The awards are a partnership between Duquesne and the Pittsburgh Steelers Radio Network. The team’s founder, the late Arthur J. Rooney Sr.; his son, Chairman Dan Rooney; and grandson and President Art Rooney II are all notable Duquesne alumni.
The Mind, Heart and Spirit Award emphasizes the five pillars of Duquesne’s mission—academic excellence, moral and spiritual values, ecumenism, service and world concerns. One recipient is recognized at each Steelers exhibition and regular season home game. Honorees receive game tickets, their names are displayed on Heinz Field’s Jumbotron scoreboard, and recipients are mentioned in Duquesne’s Steelers radio broadcast advertisements. The 2007 Mind, Heart and Spirit Award winners include: Patrick J. Molyneaux, Mount Lebanon, Business 1987 Moral and Spiritual Values
A partner in a family-owned floor covering business, Molyneaux was honored for building the Catholic Men’s Fellowship (CMF) program in the Diocese of Pittsburgh. As co-executive director, Molyneaux has organized scores of parish-based fellowships in which men gain a greater understanding of their Catholic faith and how to apply its principles to the challenges they face in their daily lives. CMF also organizes an annual conference that draws thousands of men to the Palumbo Center for speakers and worship. Dr. Vincent J. Morreale, Gibsonia, Arts 1989 Moral and Spiritual Values
After earning a degree in social communications, Morreale went on to study chiropractic medicine and now owns and operates a thriving Pittsburgh practice. His strong work ethic, steadfast family values and selfless community involvement testify to the bedrock principles the Catholic faith imparts and Duquesne seeks to extend. Morreale actively supports Christian Sports International, Christian radio station WORD-FM and Catholic education at all levels, including North Catholic High School and Duquesne University. Ingrid Kanics, New Castle, Graduate Health Sciences 2001 Service
Kanics was permanently disabled by an accident while training to become an Army medic. Having previously served as a church volunteer and health care worker, she found a new healing vocation in the field of occupational therapy. Her Duquesne class project—integrating therapeutic exercises with children’s play—grew into a national movement that is revolutionizing the profession. She is vice president at Pittsburgh’s Center for Creative Play. Gary R. Ritter, Etna, Business 1985 Service
Ritter owns and operates a Pittsburgh-area funeral home and led recovery efforts in Sharpsburg and Carnegie after the floods caused by Hurricane Ivan in 2004. Last year, he spearheaded a plan to rebuild a devastated park in Carnegie. Marshaling forces ranging from the Carnegie Action Network to Home Depot employees and the Duquesne University Volunteers, Ritter helped to assemble a small army of workers that installed thousands of dollars worth of donated playground equipment in just six hours. John A. Gannon Jr., North Hills, Business 1964 Ecumenism
Gannon is a retired vice president with Mellon Financial Corp.
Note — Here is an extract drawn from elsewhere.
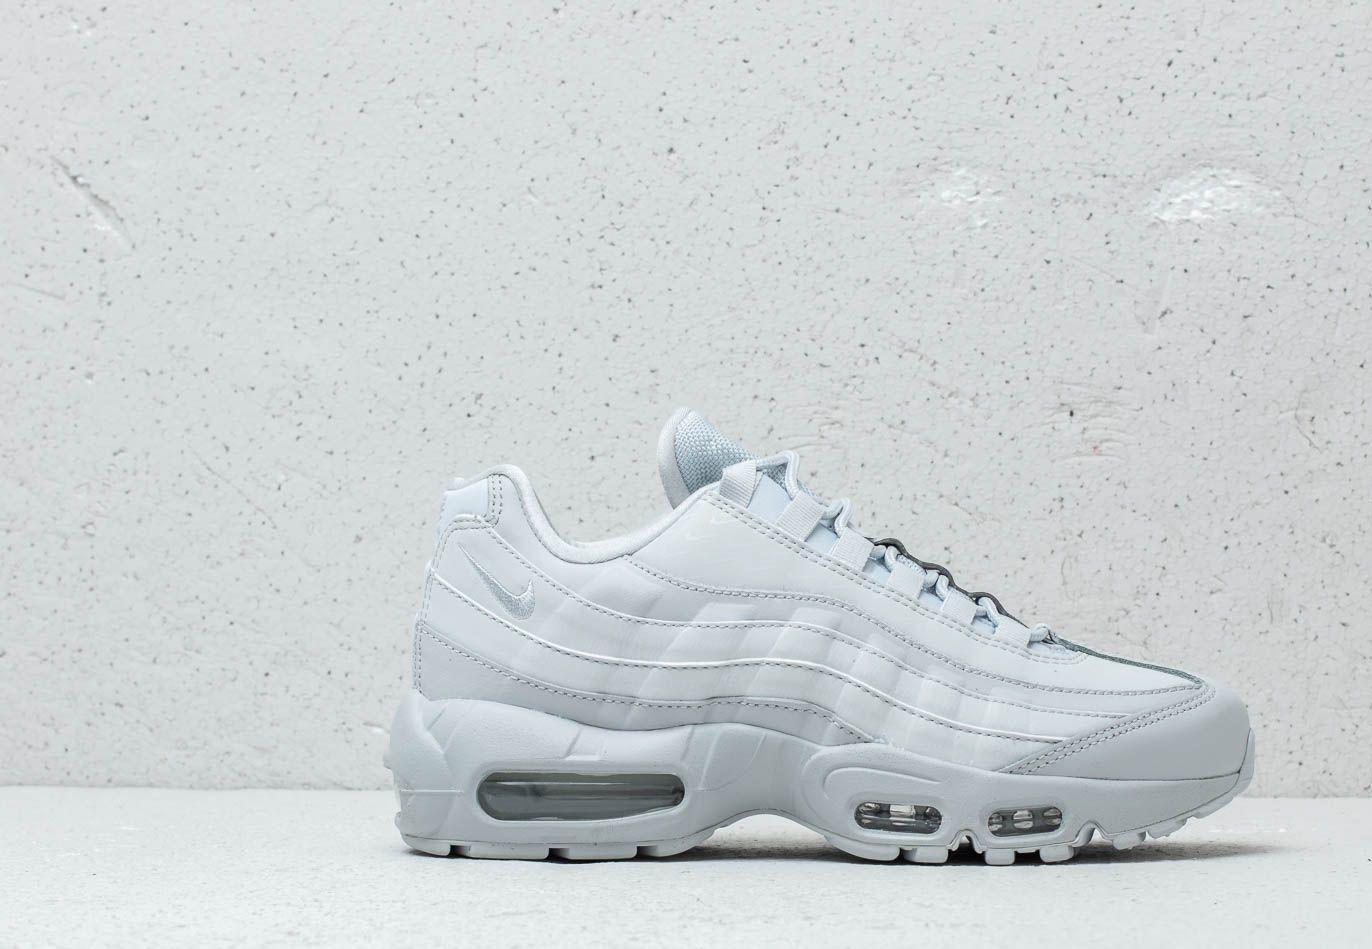 Nike Wmns Air Max 95 Lx Pure Platinum/ Pure Platinum in White

Together with his college buddy and fellow honoree George D’Angelo, Gannon has spent much of the past five years traveling around the world and meeting with religious leaders to promote the United Nations International Day of Peace. His tireless efforts have enhanced interfaith understanding and dialogue, and have inspired millions to join in mediation and prayer. Samuel Spanos, Sewickley, Business 1980 Ecumenism
A vice president with Merrill Lynch in its Beaver, Pa., office, Spanos is active in the Greek Orthodox Church and is helping Duquesne establish a Center for Eastern Christian Studies that will provide new opportunities for interfaith teaching and research. Linda B. Hippert, Ed.D., Upper St. Clair, Graduate Education 1997 Academic Excellence
Hippert is a graduate of Duquesne’s Interdisciplinary Doctoral Program for Educational Leaders and now serves as an adjunct professor in the School of Leadership and Professional Advancement. For the past 10 years, she has been the superintendent of the South Fayette School District in McDonald, Pa. During her tenure, South Fayette students have exceeded all proficiency standards and have consistently scored among the highest in Pennsylvania’s required academic achievement exams. Susan M. Simmers, Green Tree, Graduate Arts 1992 Academic Excellence
Simmers is a science teacher at Beechwood Elementary School in the Pittsburgh Public School District. She was recognized for developing innovative, hands-on exercises that teach very young children scientific facts while encouraging their natural curiosity. Her methods help students to become more engaged and interested in science, preparing them for further study and perhaps even scientific careers. Simmers’ work was also honored with a 2007 Carnegie Science Center Award for Excellence in Education. Anthony W. Accamando Jr., Eighty-Four, Arts 1966 World Concerns
Accamando served in the Army during the Vietnam War, witnessing the ravages wrought upon an already impoverished nation. He later founded Friends of Da Nang, which has raised hundreds of thousands of dollars to build schools and clinic,s and to provide medical treatment for the poor and injured left behind. A retired Adelphia executive, he also worked tirelessly to help fellow Vietnam veterans find jobs in the cable industry. George D’Angelo, Ph.D., Mount Washington, Arts 1965 World Concerns
A retired Air Force Colonel who flew fighter jets in Vietnam, D’Angelo remained in the military until 1990 as a military-political officer. After retirement, he worked with the U.S. Agency for International Development and the United Nations. He was the principal coordinator and founder of the UN-sponsored International Day of Peace, which promotes worldwide spiritual observances supporting nonviolence and harmony on Sept. 21 of each year.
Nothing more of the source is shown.